Toutefois, par nature, il présente deux risques : faire faire à l'État un métier qui n'est pas le sien, ce qui peut le conduire à pécher par incompétence ; et faire oublier aux patrons le métier qui est le leur — entreprendre — ce qui serait grave pour l'avenir de l'industrie française. C'est l'existence de ce double risque qui sous-tend le débat, ouvert depuis longtemps et jamais clos, sur le complexe industrialo-administratif à la française.

Énergie

Le grand tournant pétrolier

1981 restera dans l'histoire comme l'année du grand tournant dans la crise énergétique mondiale qui avait éclaté à la fin de 1973. Après des années de hausse, le prix du pétrole s'est orienté franchement à la baisse. La stagnation de l'activité et les efforts d'économie d'énergie ont fini par créer une pléthore de combustibles liquides, obligeant les producteurs non seulement à réduire l'extraction, mais à comprimer leurs prix pour garder des clients.

Rude épreuve

Ce renversement met à rude épreuve l'OPEP. Les difficultés d'écoulement exacerbent en effet les divergences en son sein entre les pays fortement peuplés, ayant de grands programmes d'équipement à financer et donc un besoin vital de continuer à vendre, et les autres, qui pourraient supporter facilement une baisse de leurs ressources.

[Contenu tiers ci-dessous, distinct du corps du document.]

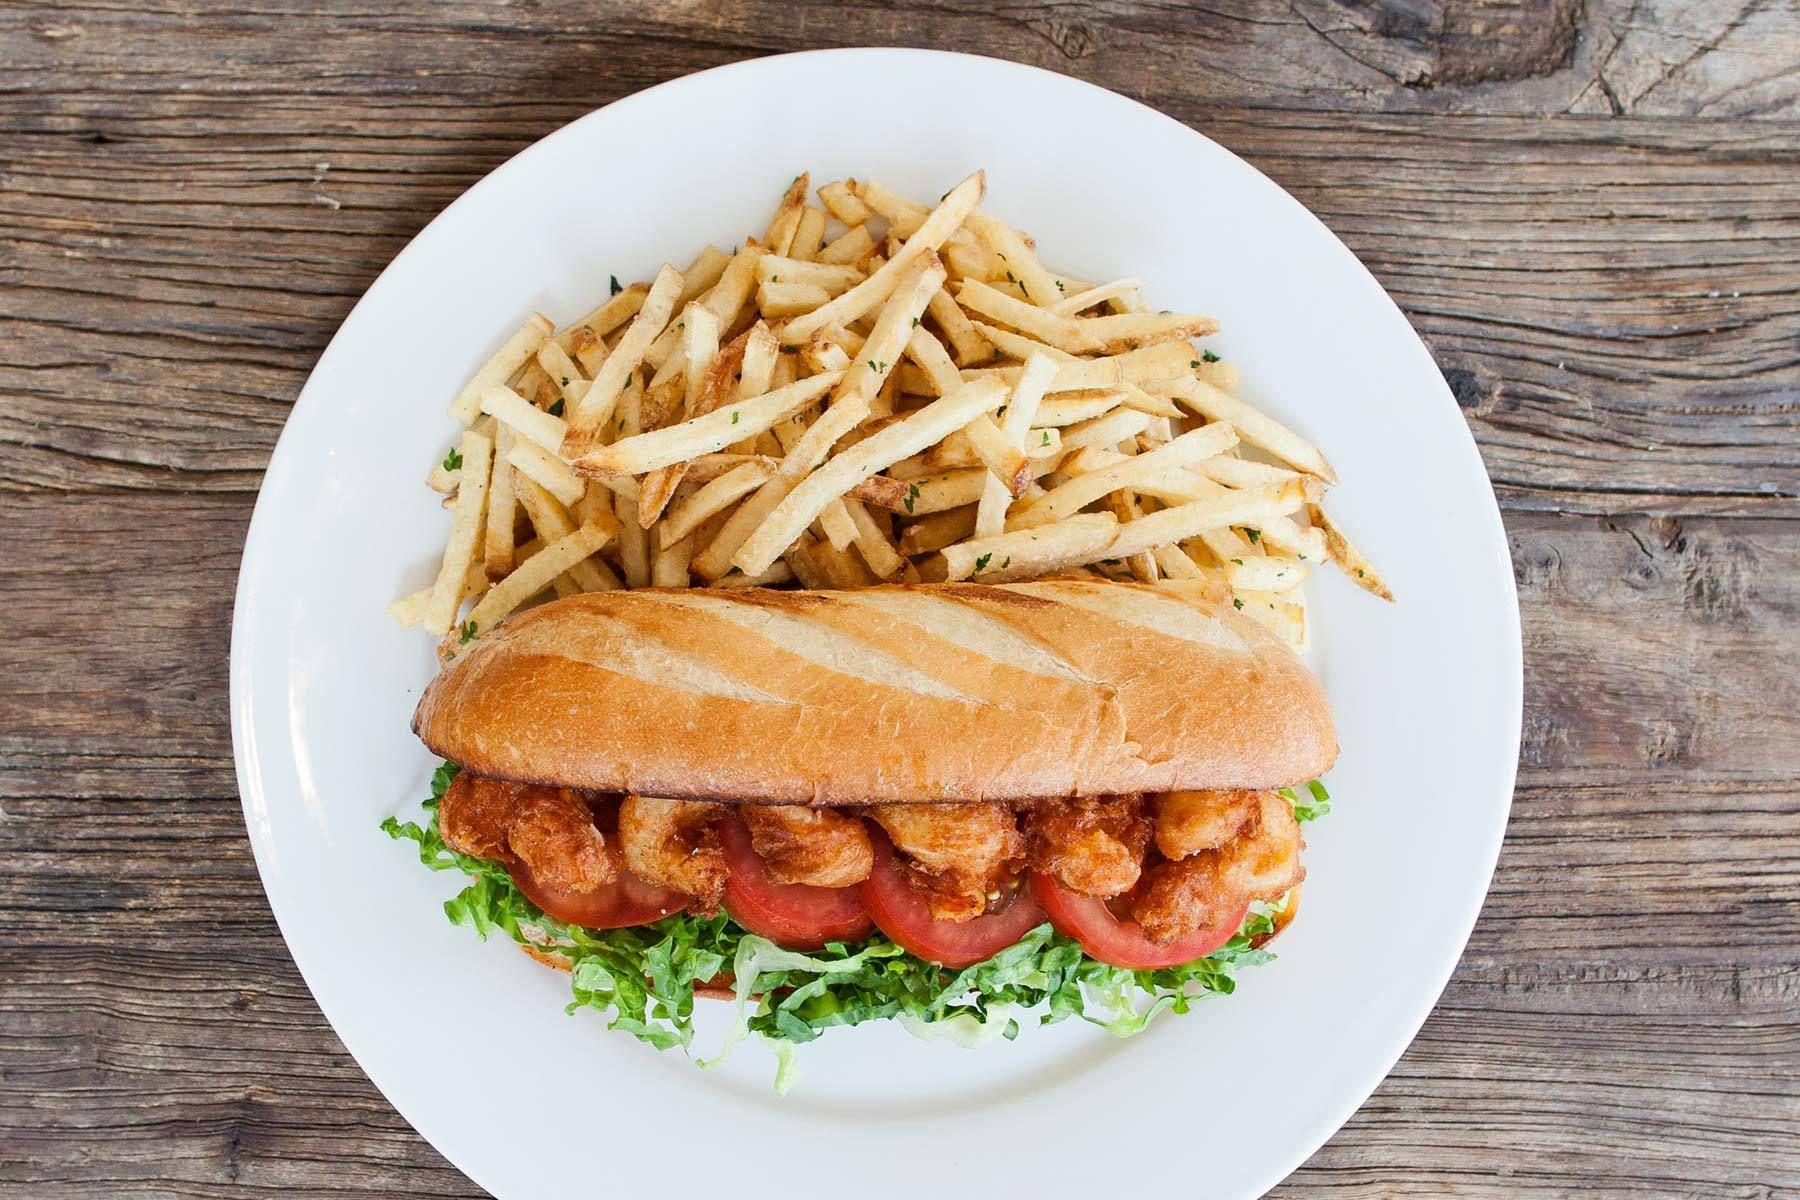 1crabsandwich.jpg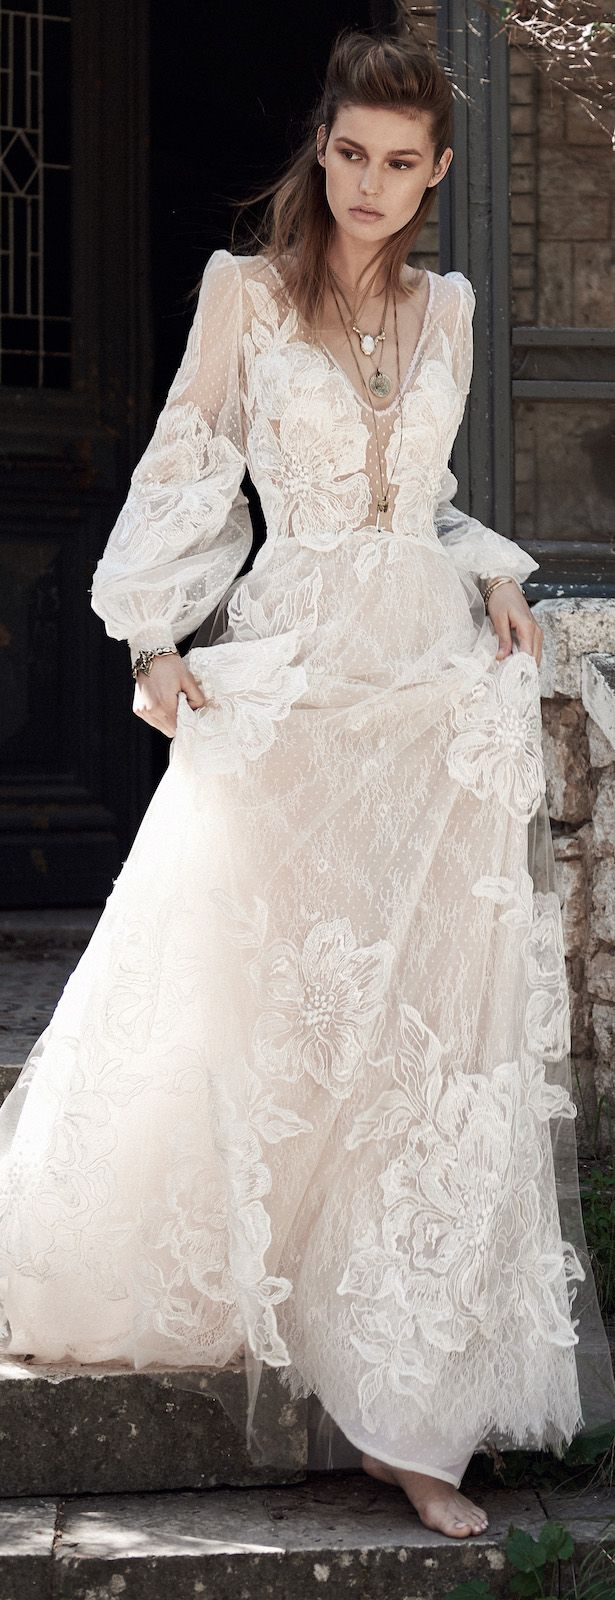 Bohemian Wedding Dress by Costarellos Spring Bridal Collection

Si l'OPEP était un véritable cartel, elle orchestrerait des réductions de production afin de maintenir les prix ; c'est bien d'ailleurs ce qu'elle a tenté de faire cahin-caha, à l'occasion de ses réunions à Genève (29 octobre 1981), à Abou Dhabi (13 décembre 1981) et à Vienne (19 mars 1982). Mais en réalité les grands pays producteurs, officiellement ou clandestinement, n'ont cessé depuis l'été 1981 de baisser leurs prix en ordre dispersé. Sur le marché libre (qui accentue toujours les mouvements de prix), où le baril avait coté plus de 40 dollars, on en trouvait au printemps 1982 à moins de 28 dollars, voire dans certains marchés de troc, à 22 dollars.